Asked if the North Korean leader had an “endgame,” Mr. Clapper said, “I don’t think, really, he has much of an endgame other than to somehow elicit recognition from the world and specifically, most importantly, the United States, of North Korea as a rival on an international scene, as a nuclear power, and that that entitles him to negotiation and to accommodation, and presumably for aid.”
Other officials have said, in background interviews, that Mr. Kim is trying to get North Korea into the same position as Pakistan: an acknowledged nuclear power that the West has given up hopes of disarming.
Mr. Clapper appeared with the heads of several other intelligence agencies, including Lt. Gen. Michael T. Flynn of the Defense Intelligence Agency; the F.B.I. director, Robert S. Mueller III; and the C.I.A. director, John O. Brennan, to present their annual assessment of the threats facing the nation. The same officials briefed the Senate Intelligence Committee last month.

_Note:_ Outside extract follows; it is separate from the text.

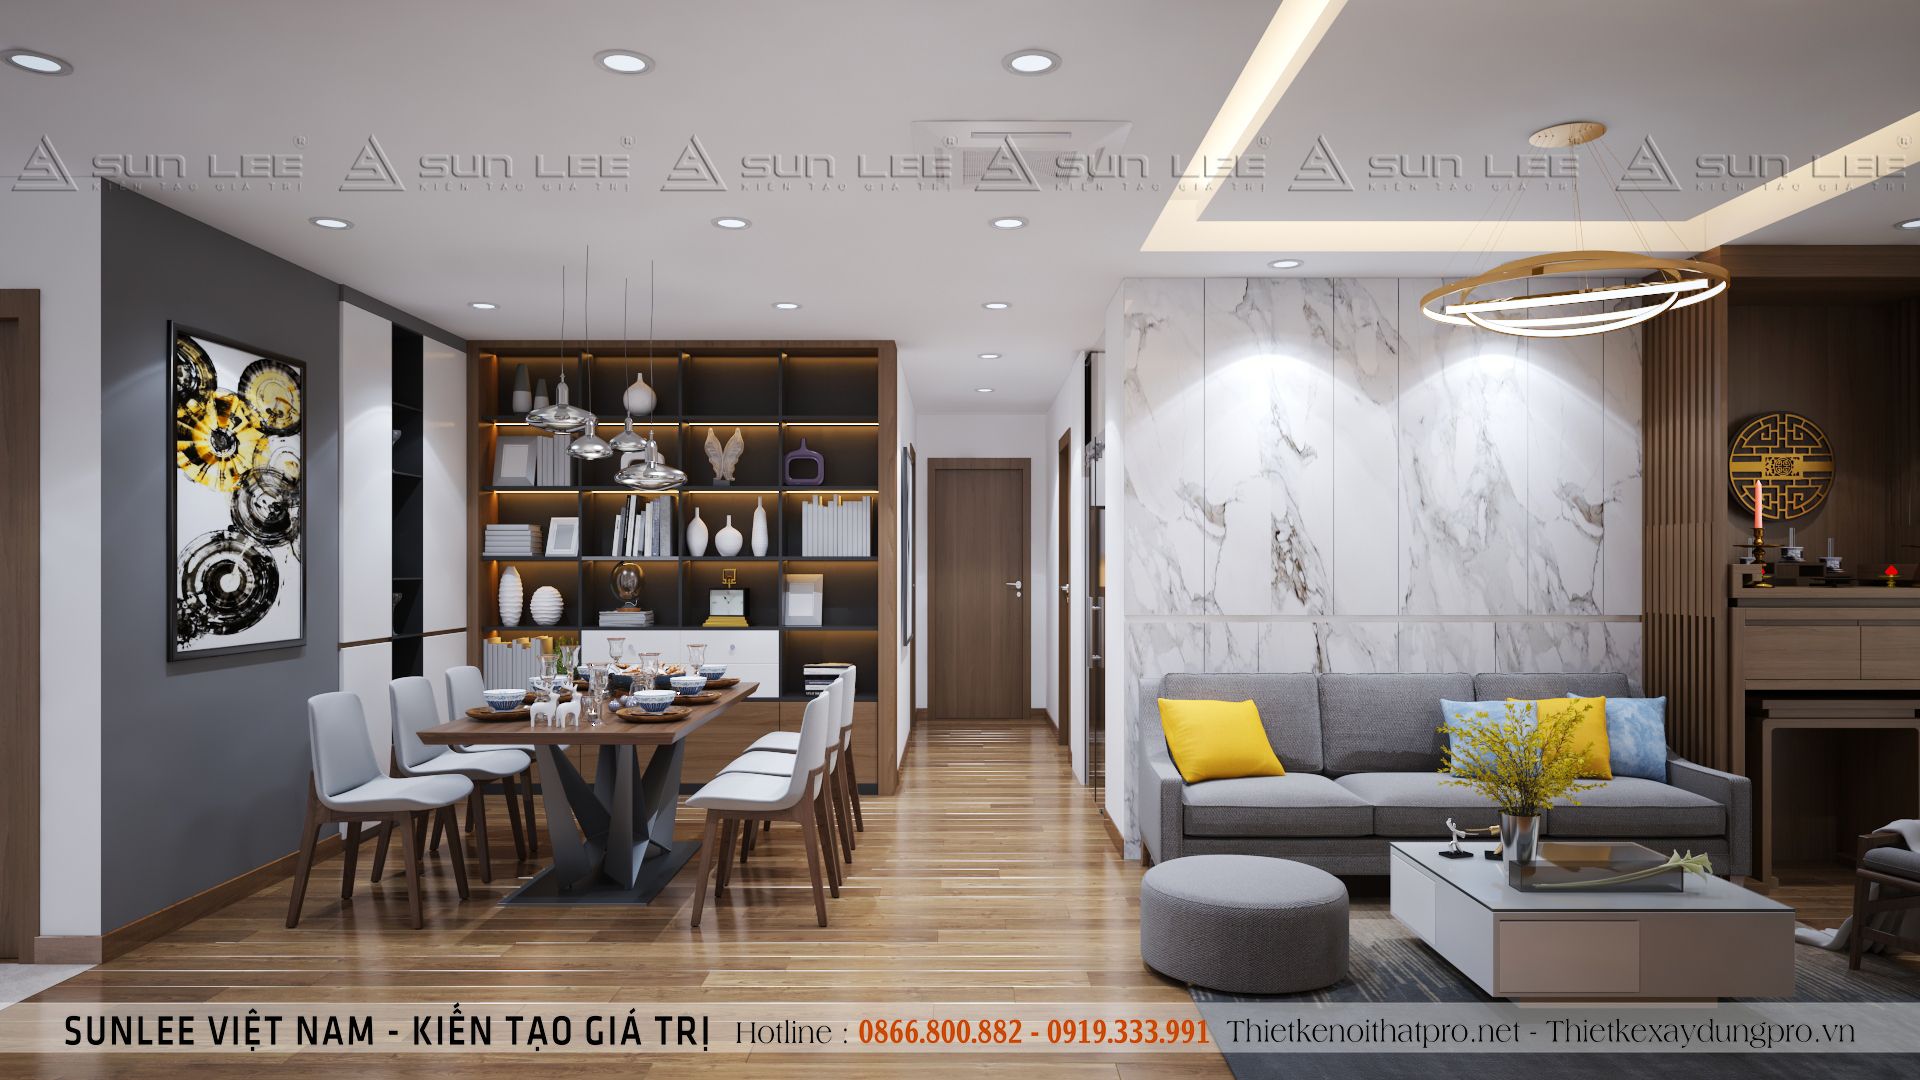 Thiết kế nội thất chung cư cao cấp tại Hà Nội

Even as they sought to explain the North Korean leader’s recent bellicose threats, which have prompted American and South Korean troops to increase alert levels, Mr. Clapper and other top intelligence officials acknowledged that United States spy agencies do not know much about Mr. Kim.
“Kim Jong-un has not been in power all that long, so we don’t have an extended track record for him like we did with his father and grandfather,” Mr. Brennan said. “That’s why we are watching this very closely and to see whether or not what he is doing is consistent with past patterns of North Korean behavior.”
Mr. Clapper added that with such little information on Mr. Kim, “there’s no telling how he’s going to behave.”
“He impresses me as impetuous, not as inhibited as his father became about taking aggressive action,” he added. “The pattern with his father was to be provocative and then to sort of back off. We haven’t seen that yet with Kim Jong-un.”
As for what might change the North’s posture, Mr. Clapper pointed to China’s new leadership. “I think probably if anyone has real leverage over the North Koreans, it is China,” he said.